You can also change the number of breaks by setting n=.
The default is n=5. Rather than quintiles, you can show
quartiles using n=4
tm_shape(saccitytracts) +
tm_polygons(fill = "pwh",
fill.scale = tm_scale(style = "quantile",
n = 4))

The argument breaks = allows you to manually set the
breaks.
tm_shape(saccitytracts) +
tm_polygons(fill = "pwh",
fill.scale = tm_scale(breaks = c(0, 0.20, 0.4, 0.6, 0.8, 1.0)))

Check out this breakdown of the available classification styles in tmap.
You can overlay multiple features on one map. For example, we can add
park polygons on top of city tracts, providing a visual association
between parks and percent white. You will need to add two
tm_shape() functions each for saccitytracts and
parks.
tm_shape(saccitytracts) +
tm_polygons(fill = "pwh",
fill.scale = tm_scale(style = "quantile",
n = 4)) +
tm_shape(parks) +
tm_polygons(fill = "green")

Not into the blue shading? The argument values = within
tm_scale() defines the color ranges associated with the
bins and determined by the style arguments. Several
built-in color palettes are contained in tmap. There
are three main groups of color palettes: categorical, sequential and
diverging, and each of them serves a different purpose. The first group
is sequential palettes. These follow a gradient, for example from light
to dark colors (light colors often tend to represent lower values), and
are appropriate for continuous (numeric) variables. Below we use the
color scheme “reds” using value = "reds".
tm_shape(saccitytracts) +
tm_polygons(fill = "pwh",
fill.scale = tm_scale(style = "quantile",
n = 4,
values = "reds"))
## Multiple palettes called "reds" found: "brewer.reds", "matplotlib.reds". The first one, "brewer.reds", is returned.

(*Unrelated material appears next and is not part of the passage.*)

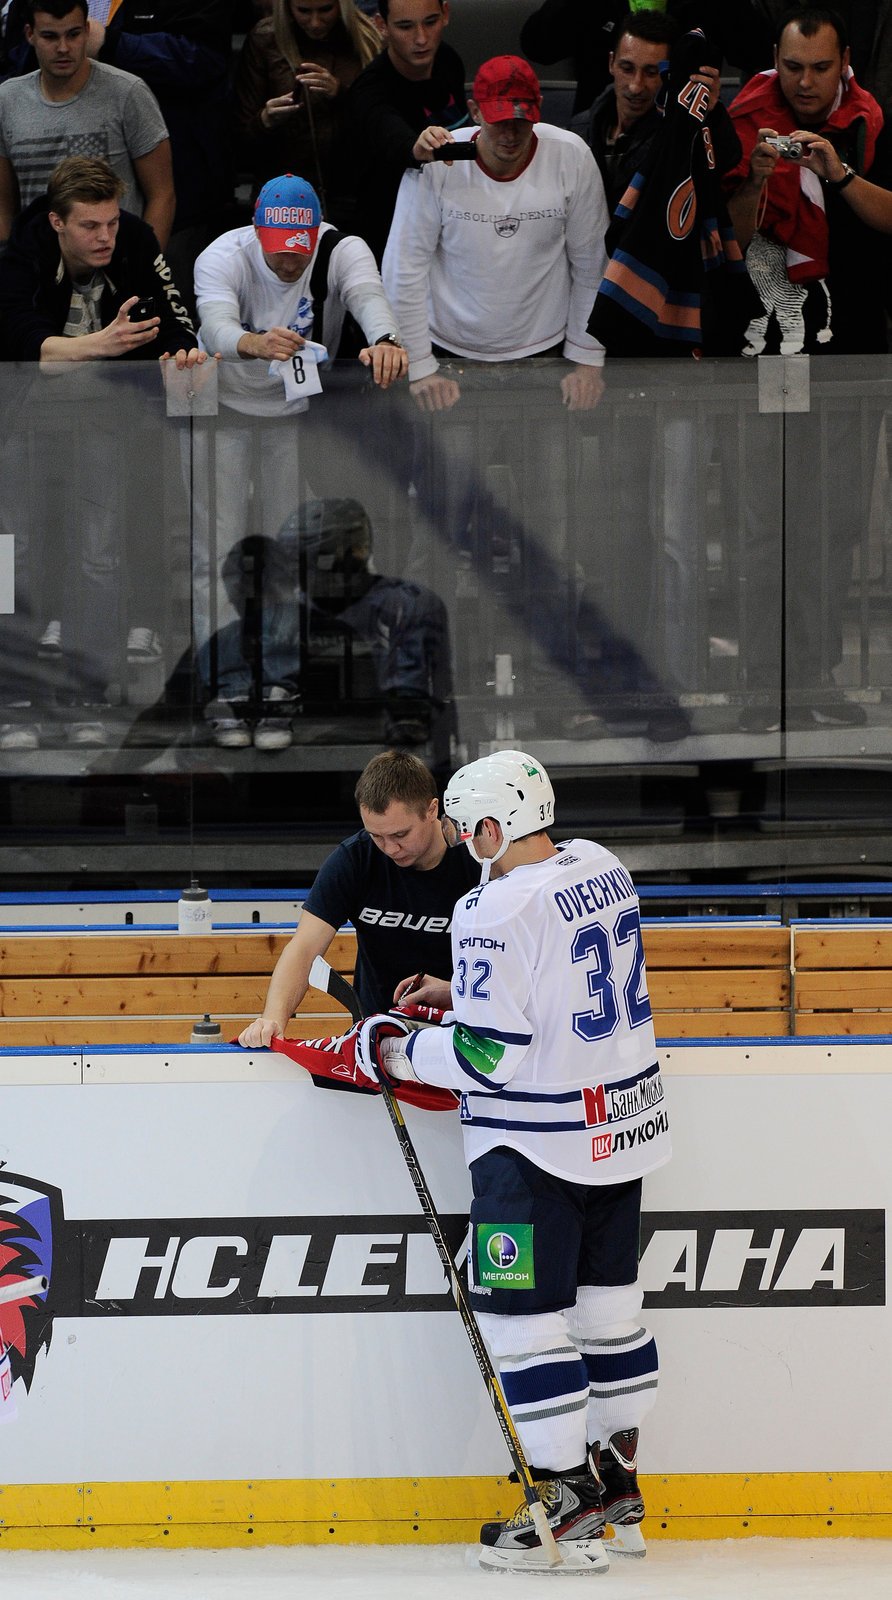 Ruský útočník Alexandr Ovečkin byl hvězdou zápasu KHL. Jediným gólem rozhodl o výhře Dynama Moskva nad pražským Lvem. Po zápase podepsal jednomu z fanoušků dres Washingtonu

Note the message. Under the hood, “reds” refers to one
of the color schemes supported by the RColorBrewer
package (see below).
The second group, diverging palettes, typically range between three
distinct colors and are usually created by joining two single-color
sequential palettes with the darker colors at each end. Their main
purpose is to visualize the difference from an important reference
point. For instance, if we used c(“red”, “blue”), the color
spectrum would move from red to purple, then to blue, with in between
shades. In our example:
tm_shape(saccitytracts) +
tm_polygons(fill = "pwh",
fill.scale = tm_scale(style = "quantile",
values = c("red","blue")))

In order to capture a clearer diverging scale, we insert “white” in between red and blue.
tm_shape(saccitytracts) +
tm_polygons(fill = "pwh",
fill.scale = tm_scale(style = "quantile",
values = c("red","white", "blue")))

A preferred approach to select a color palette is to chose one of the
schemes contained in the RColorBrewer package. These
are based on the research of cartographer Cynthia Brewer (see the
colorbrewer2 web
site for details). ColorBrewer makes a distinction between
sequential scales (for a scale that goes from low to high), diverging
scales (to highlight how values differ from a central tendency), and
qualitative scales (for categorical variables). For each scale, a series
of single hue and multi-hue scales are suggested. In the
RColorBrewer package, these are referred to by a name
(e.g., the “brewer.reds” palette we used above is an example). The full
list is contained in the RColorBrewer documentation.
You should have noticed from the messages produced from the mapping
above that the default “reds” palette is from RColorBrewer. You can
avoid seeing this message in the future by specifying “brewer.reds” for
values =.
There are two very useful commands in this package. One sets a color palette by specifying its name and the number of desired categories. The result is a character vector with the hex codes of the corresponding colors.
For example, we select a sequential color scheme going from blue to
green, as BuGn, by means of the command
brewer.pal, with the number of categories (6) and the
scheme as arguments. The resulting vector contains the HEX codes for the
colors.
pal <- brewer.pal(6,"BuGn")
pal
## [1] "#EDF8FB" "#CCECE6" "#99D8C9" "#66C2A4" "#2CA25F" "#006D2C"
The command display.brewer.pal() allows us to explore
different color schemes before applying them to a map. For example:
display.brewer.pal(6,"BuGn")

Using this palette in our map yields the following result.
tm_shape(saccitytracts) +
tm_polygons(fill = "pwh",
fill.scale = tm_scale(style = "quantile",
values = pal))

The third group, categorical patterns, will be covered later when we discuss color patch maps. See Ch. 9.2.4 in GWR for a fuller discussion on color and other schemes you can specify.
There are many options to change the formatting of the legend. Use
the tm_legend() function within tm_polygons()
to change its title, position, orientation, or even disable it. Often,
the automatic title for the legend is not intuitive, since it is simply
the variable name (in our case, pwh). This can be customized by
setting the title = argument within the
tm_legend() function.
tm_shape(saccitytracts) +
tm_polygons(fill = "pwh",
fill.scale = tm_scale(style = "quantile",
values = "reds"),
fill.legend = tm_legend(title = "Percent white"))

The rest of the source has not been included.